At the opening of the park, the building was originally known as Explorer's Club Restaurant. Set in a colonial estate in a lush jungle where adventurers rest and have meals, the Club allowed guests to encounter famous European explorers, portrayed by cast actors, like David Livingstone or Ernest Hemingway. The featured soundtrack fitted the theme, with tunes such as Theresien-Fanfare, Colonel Bogey March, Onward, Christian Soldiers, Royal Air Force March Past or Cavalry of the Steppes.

The Club features a wide outdoor setting area, with one part overlooking waterfalls, and an inside room complete with trees displaying animatronic birds and animals (which was reminiscent of the Tiki Room). Some of these animals even interacted with the actors. The room is also ornamented with artifacts from numerous exotic regions, and murals representing journeys around the world.

The meals were originally colonial-inspired, and delivered on table.

The nearby ride Indiana Jones and the Temple of Peril still displays in its queue line part items featuring the name Explorer's Club.

==Colonel Hathi's Pizza Outpost==

In 1993, one year after the opening of the park, the decision was made to turn the restaurant into a counter service for East-Asian meals, since guests lacked interest in table meals. Some of the trees were removed to make way for counter services.
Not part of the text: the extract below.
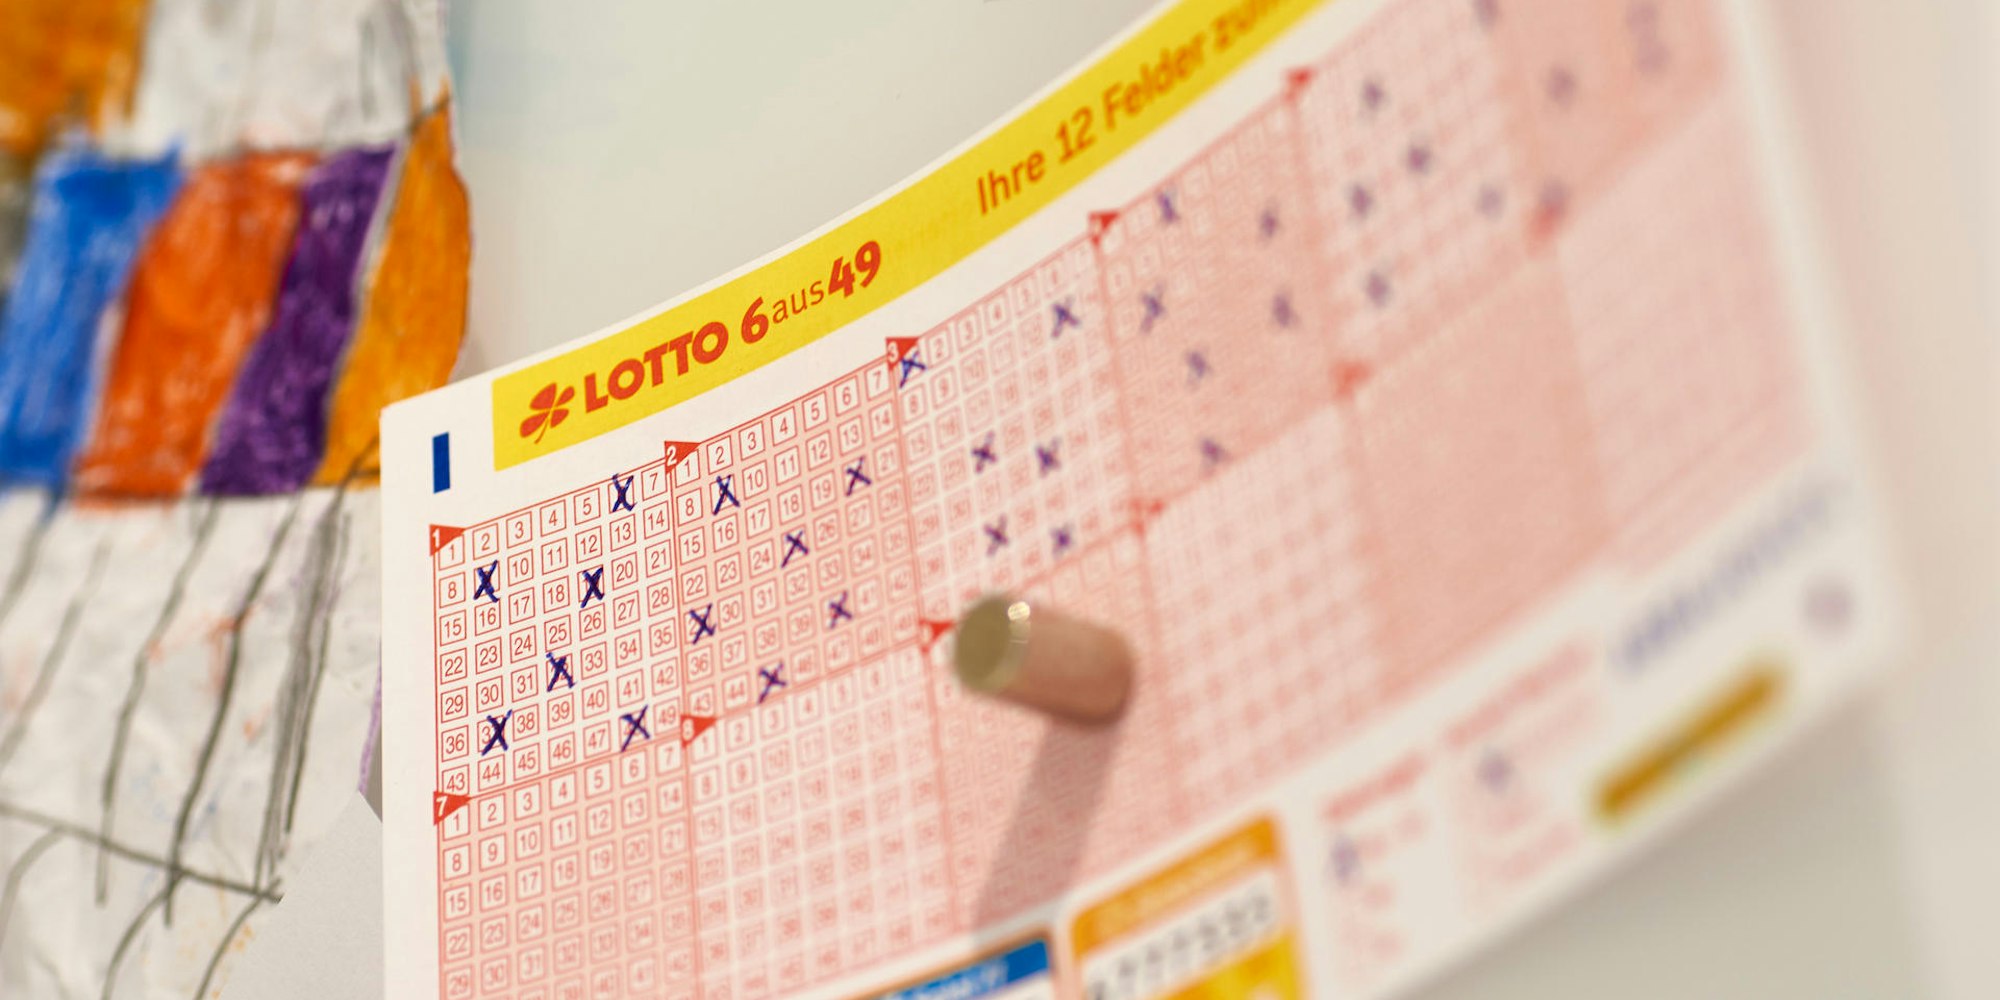 Am kommenden Samstag könnte die Freude groß sein: Bei LOTTO 6aus49 wartet der dritthöchste Jackpot des Jahres von 27 Millionen Euro auf einen Gewinner.

Then, in 1995, the restaurant became an eating place for pizzas and pastas. Its new chosen theme was Rudyard Kipling's Jungle Book, especially its Disney adaptation. Though not entirely, most of the original soundtrack was replaced with samples from this movie's one.

The restaurant retains many elements of the original Explorer's Club design. Its interior is themed as a gathering place for explorers and travelers, with historic-style travel artifacts, photographs, maps and murals depicting destinations and transportation around the world. References to the former restaurant remain incorporated into the building, including the initials "EC" for Explorer's Club on decorative features. One of the principal interior spaces contains tropical vegetation and animatronic parrots, reflecting design influences from Disney's Enchanted Tiki Room. The exterior is surrounded by dense vegetation and water features intended to integrate the building into the tropical environment of Adventureland.